(Extracted material begins)

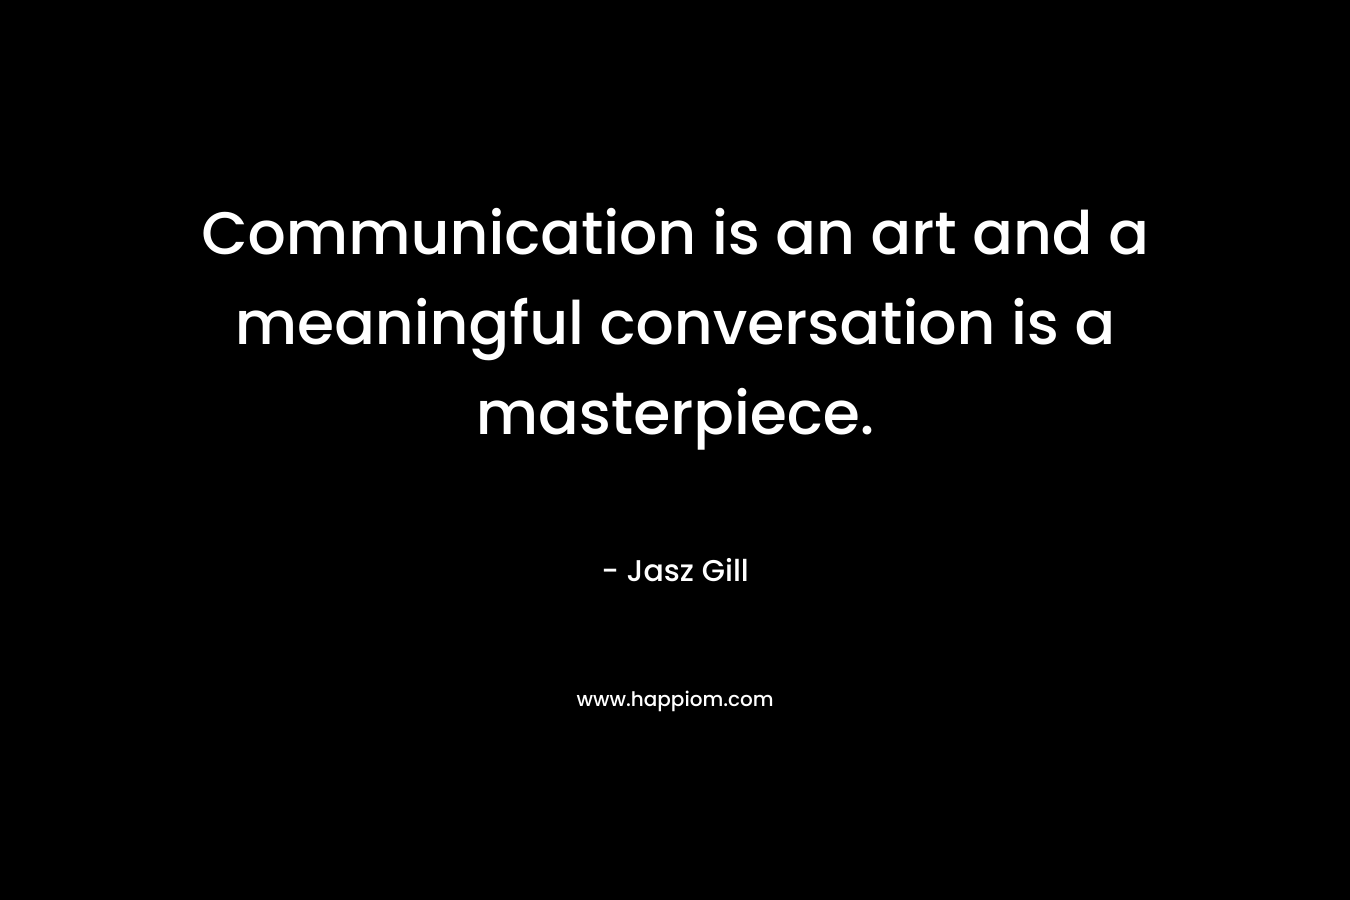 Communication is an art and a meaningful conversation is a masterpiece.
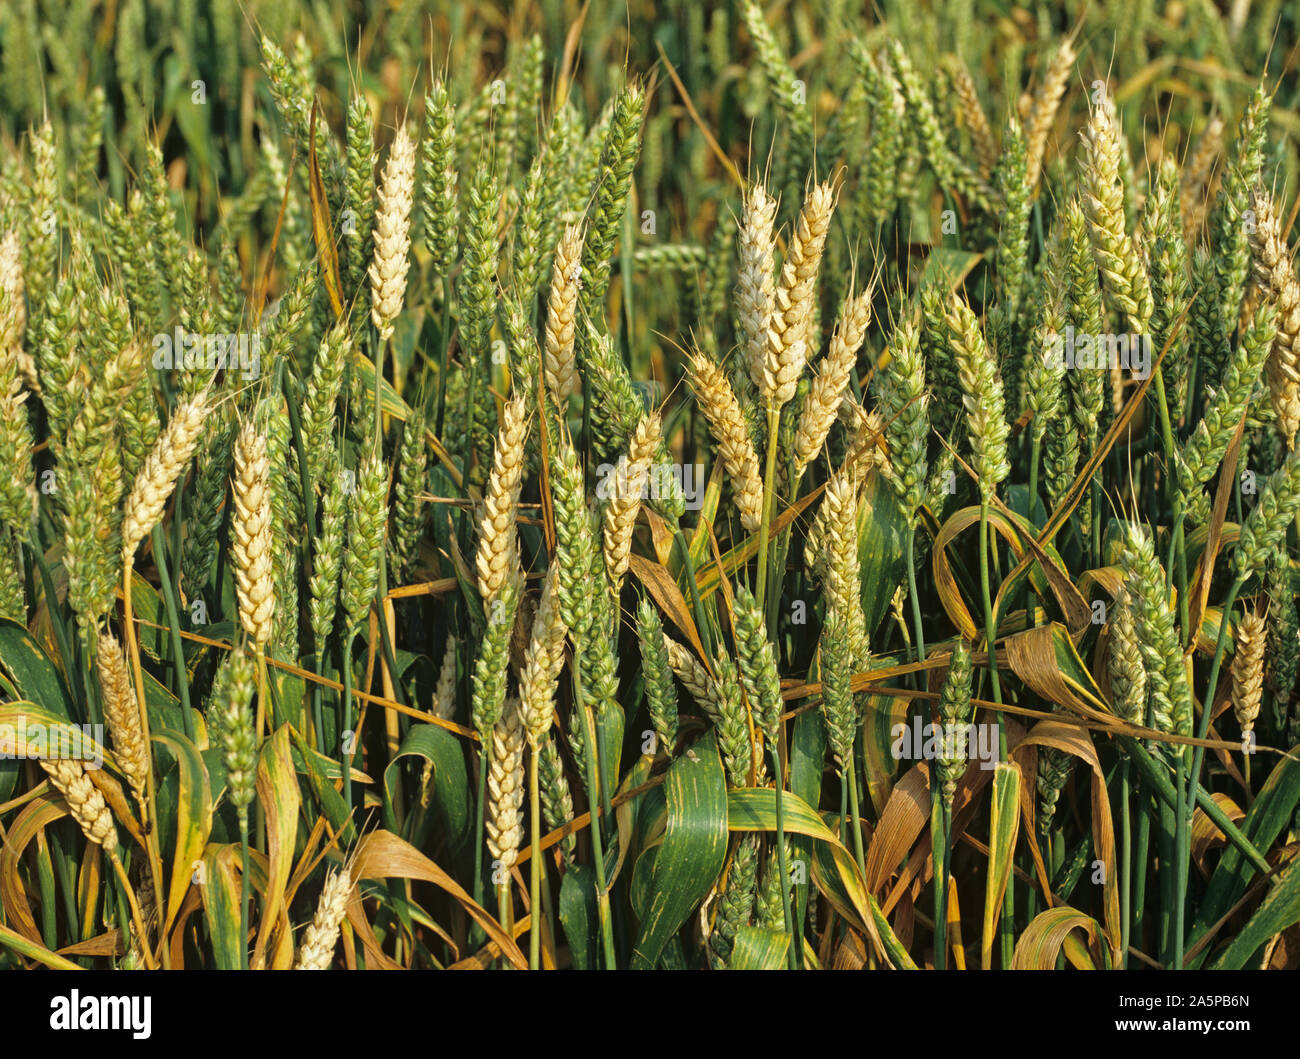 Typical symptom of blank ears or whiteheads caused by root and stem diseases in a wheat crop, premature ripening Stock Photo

(Extracted material ends)
(Extracted material begins)

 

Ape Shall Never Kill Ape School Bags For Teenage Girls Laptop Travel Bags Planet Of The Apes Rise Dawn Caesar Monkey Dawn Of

(Extracted material ends)

== Your assignment ==
Of the records above, print only the lines from the one containing "Communication is an" through the one containing "Typical symptom of", inclusive and unaltered, leaving out pictures.

== Result of this exercise ==
 Communication is an art and a meaningful conversation is a masterpiece.
 Typical symptom of blank ears or whiteheads caused by root and stem diseases in a wheat crop, premature ripening Stock Photo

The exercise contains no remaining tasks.